To evaluate the effectiveness of CADe in colonoscopy and assess the advantages of AMR over ADR.

METHODS

A comprehensive literature search was conducted in PubMed, Embase, and the Cochrane Central Register of Controlled Trials using predefined search strategies to identify relevant studies published up to August 2, 2024. Statistical analyses were performed to compare outcomes between groups, and potential publication bias was assessed using funnel plots. The quality of the included studies was evaluated using the Cochrane Risk of Bias tool and the Grading of Recommendations, Assessment, Development, and Evaluation approach.

RESULTS

Five studies comprising 1624 patients met the inclusion criteria. AMR was significantly lower in the CADe-assisted group than in the routine colonoscopy group (147/927, 15.9% vs 345/960, 35.9%; P < 0.01). However, CADe did not provide a significant advantage in detecting advanced adenomas or lesions measuring 6-9 mm or ≥ 10 mm. The polyp miss rate (PMR) was also lower in the CADe-assisted group [odds ratio (OR), 0.35; 95% confidence interval (CI): 0.23-0.52; P < 0.01]. While the overall ADR did not differ significantly between groups, the ADR during the first-pass examination was higher in the CADe-assisted group (OR, 1.37; 95%CI: 1.10-1.69; P = 0.004). The level of evidence for the included randomized controlled trials was graded as moderate.

CONCLUSION

CADe can significantly reduce AMR and PMR while improving ADR during initial detection, demonstrating its potential to enhance colonoscopy performance. These findings highlight the value of CADe in improving the detection of colorectal neoplasms, particularly small and histologically distinct adenomas.
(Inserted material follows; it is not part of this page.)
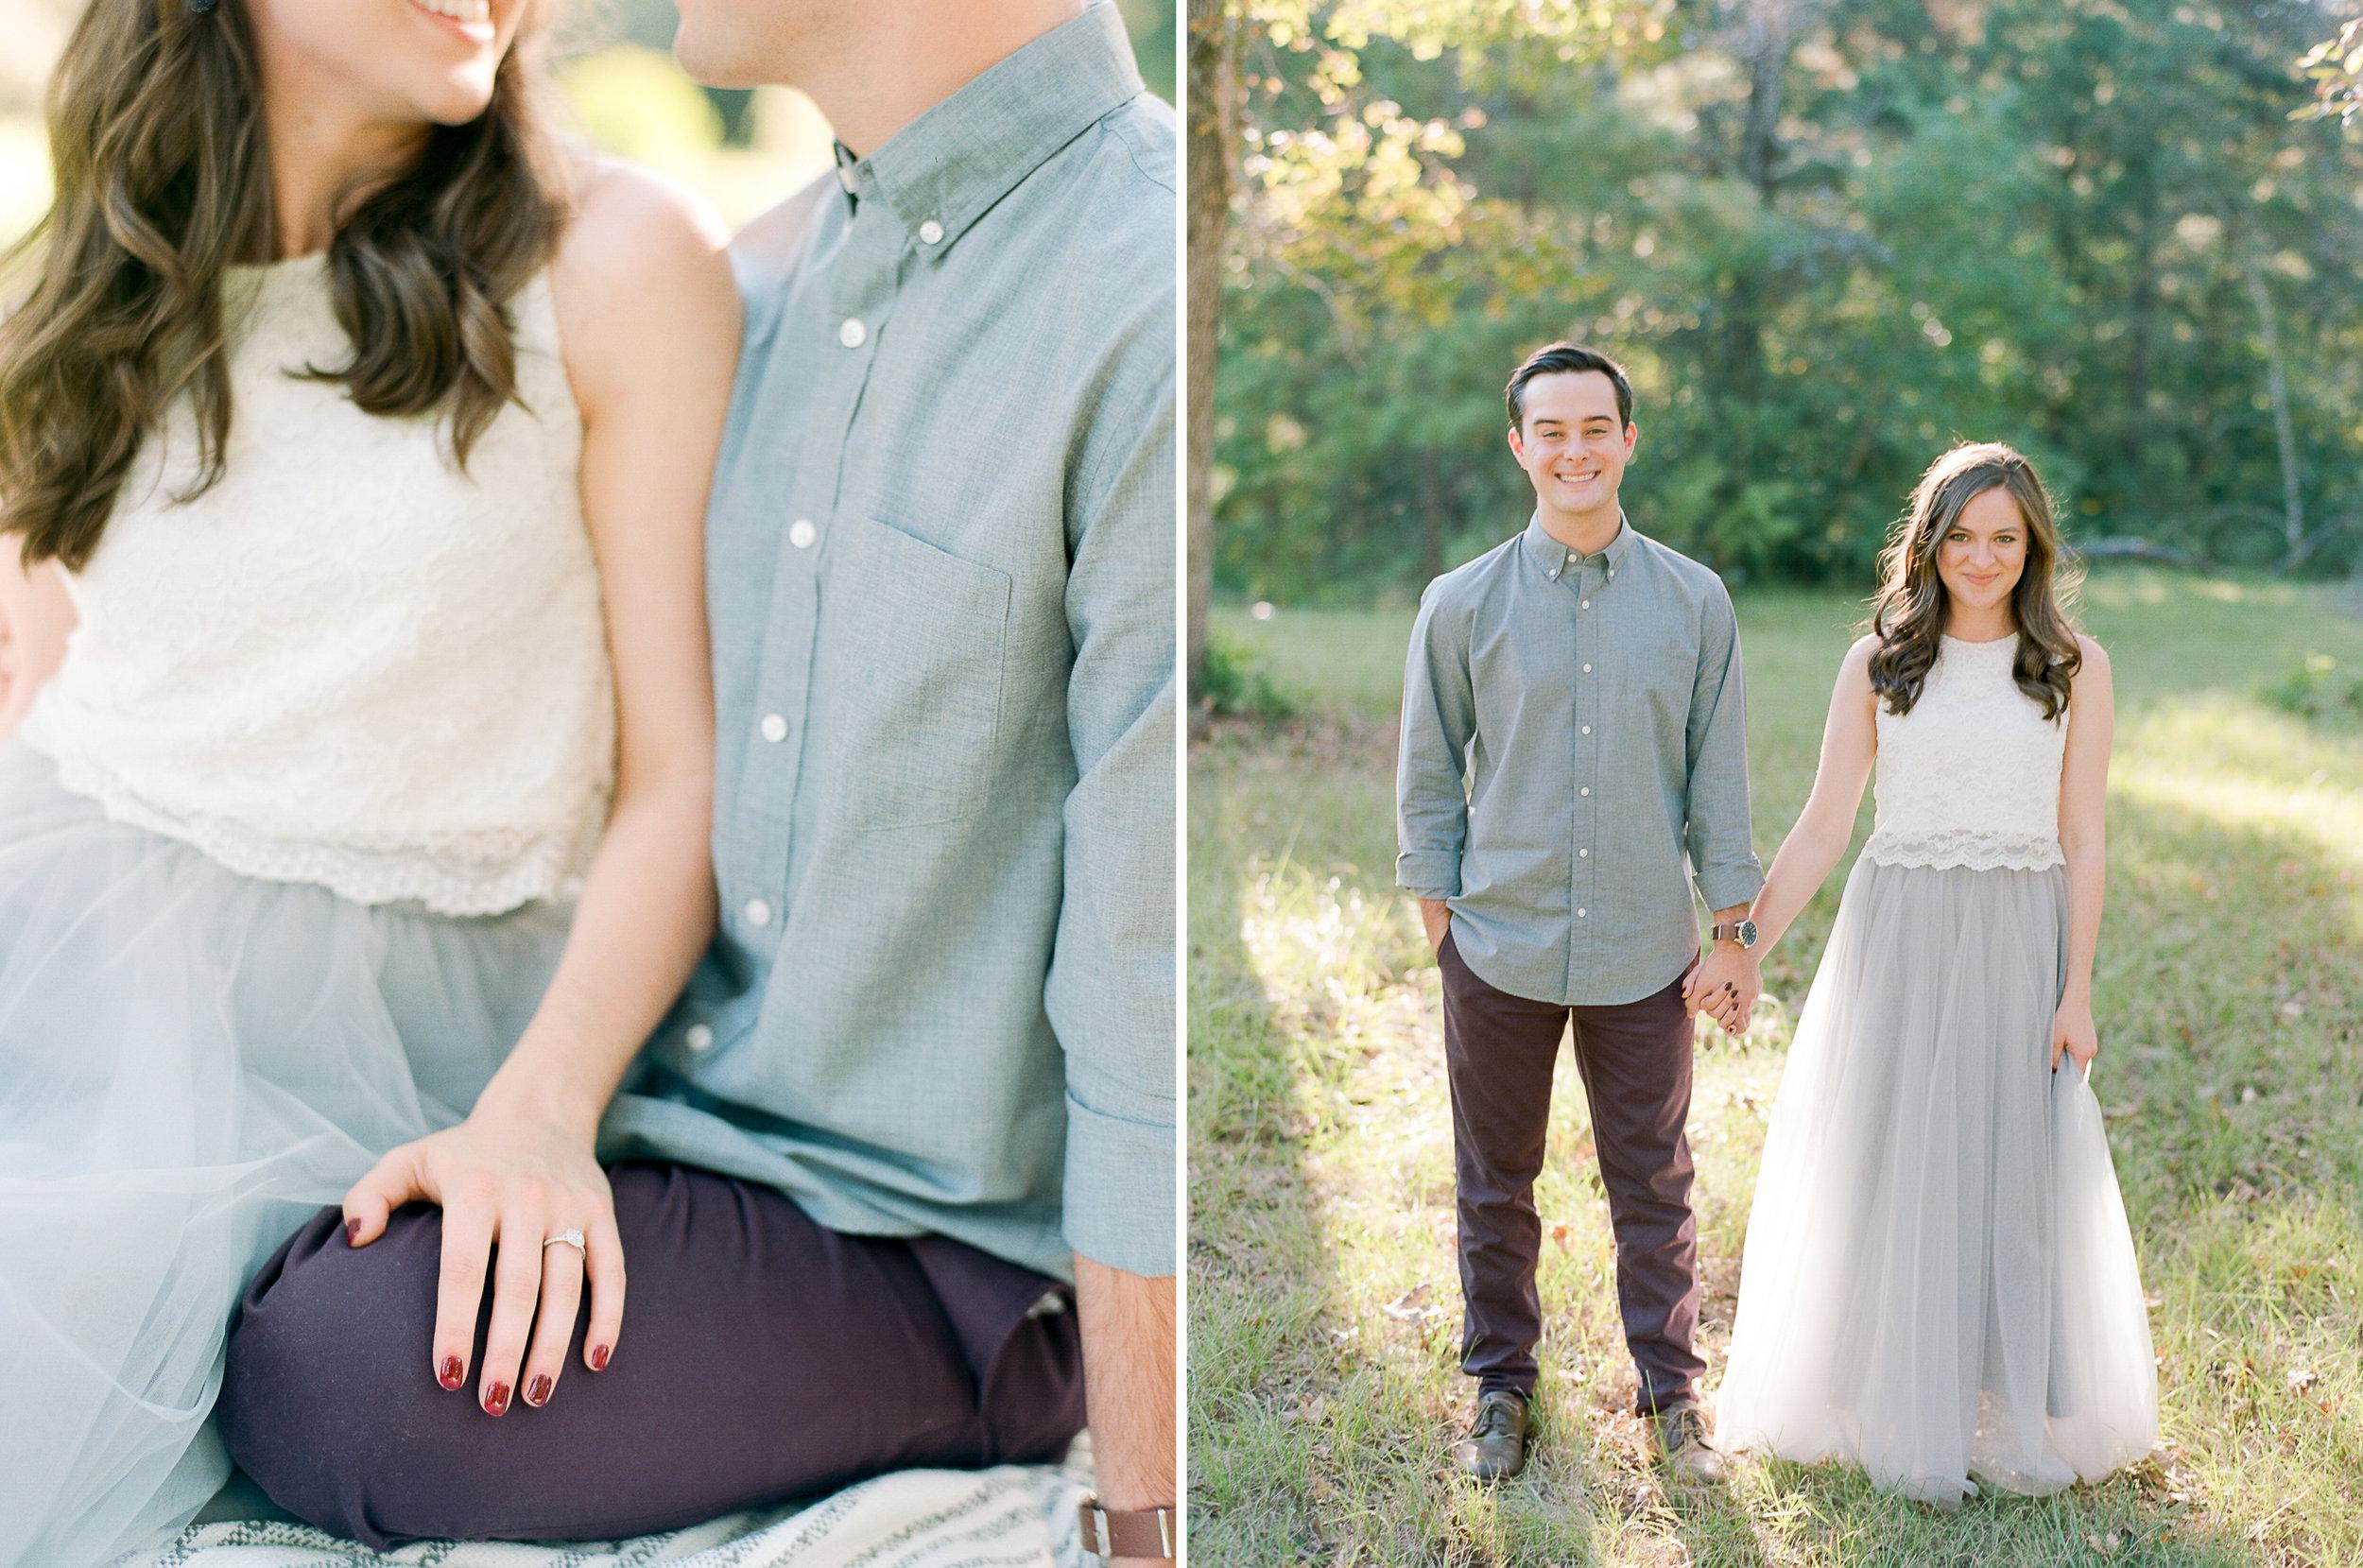 houston-wedding-photographer-college-station-austin-the-woodlands-film-photography-style-me-pretty-engagements-dana-fernandez-photography-107.jpg
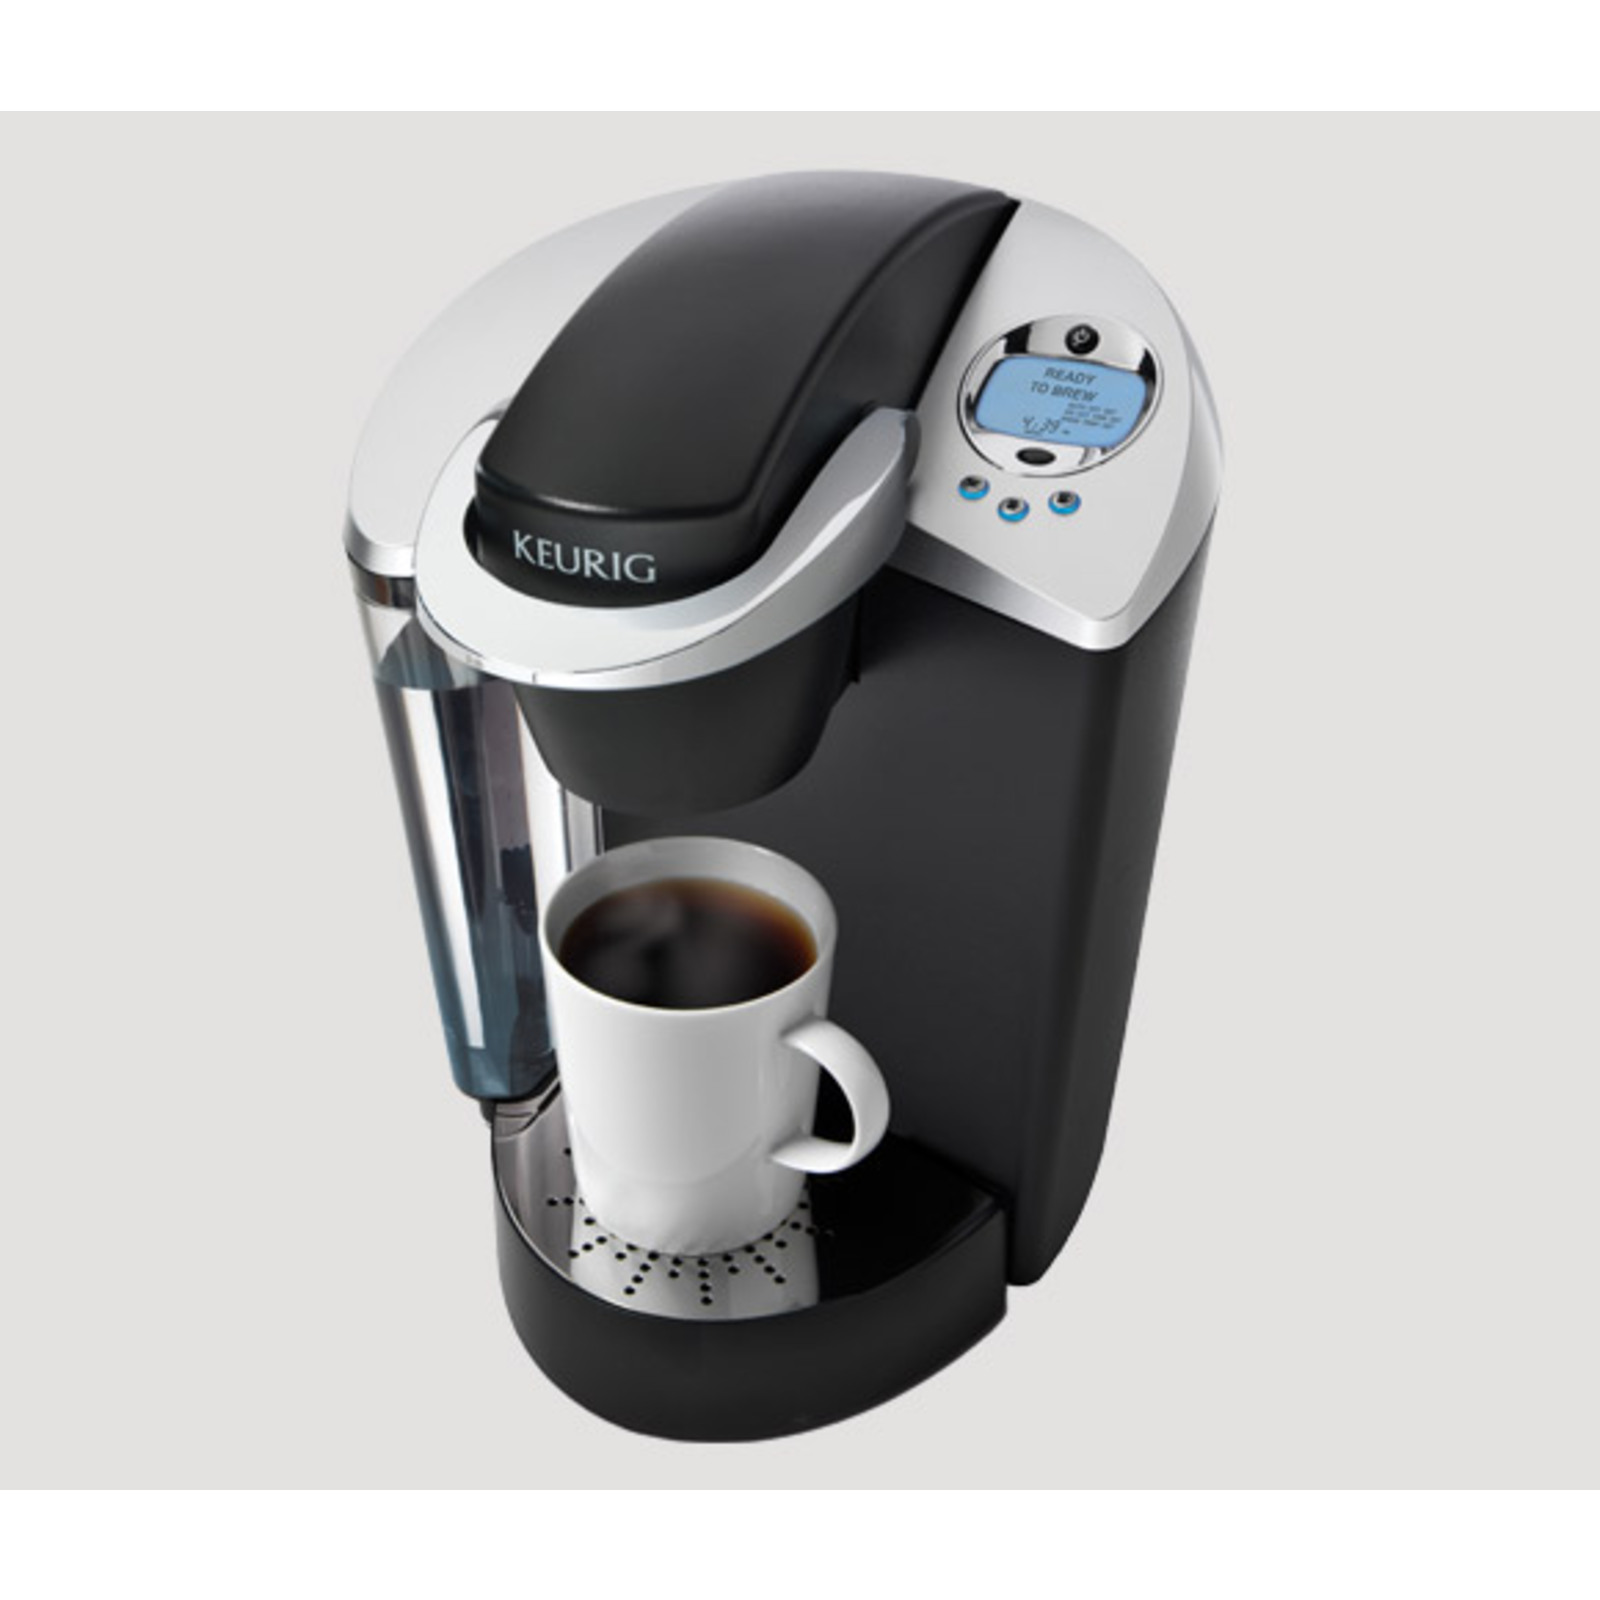 Keurig B60/K65 Special Edition Coffee Maker

Keywords: Artificial intelligence; Computer-aided detection; Colonoscopy; Neoplasms; Prevention and control

Core Tip: Artificial intelligence is being increasingly used in colonoscopy, with more and more studies reporting its potential benefits. However, most studies have focused on adenoma detection rate (ADR) as the primary outcome and assessed only short-term effects. Recently, adenoma miss rate (AMR) has gained more attention, and based on this, we designed this meta-analysis to evaluate the effect of computer-aided detection on AMR, compared it with ADR, and assessed its long-term impact.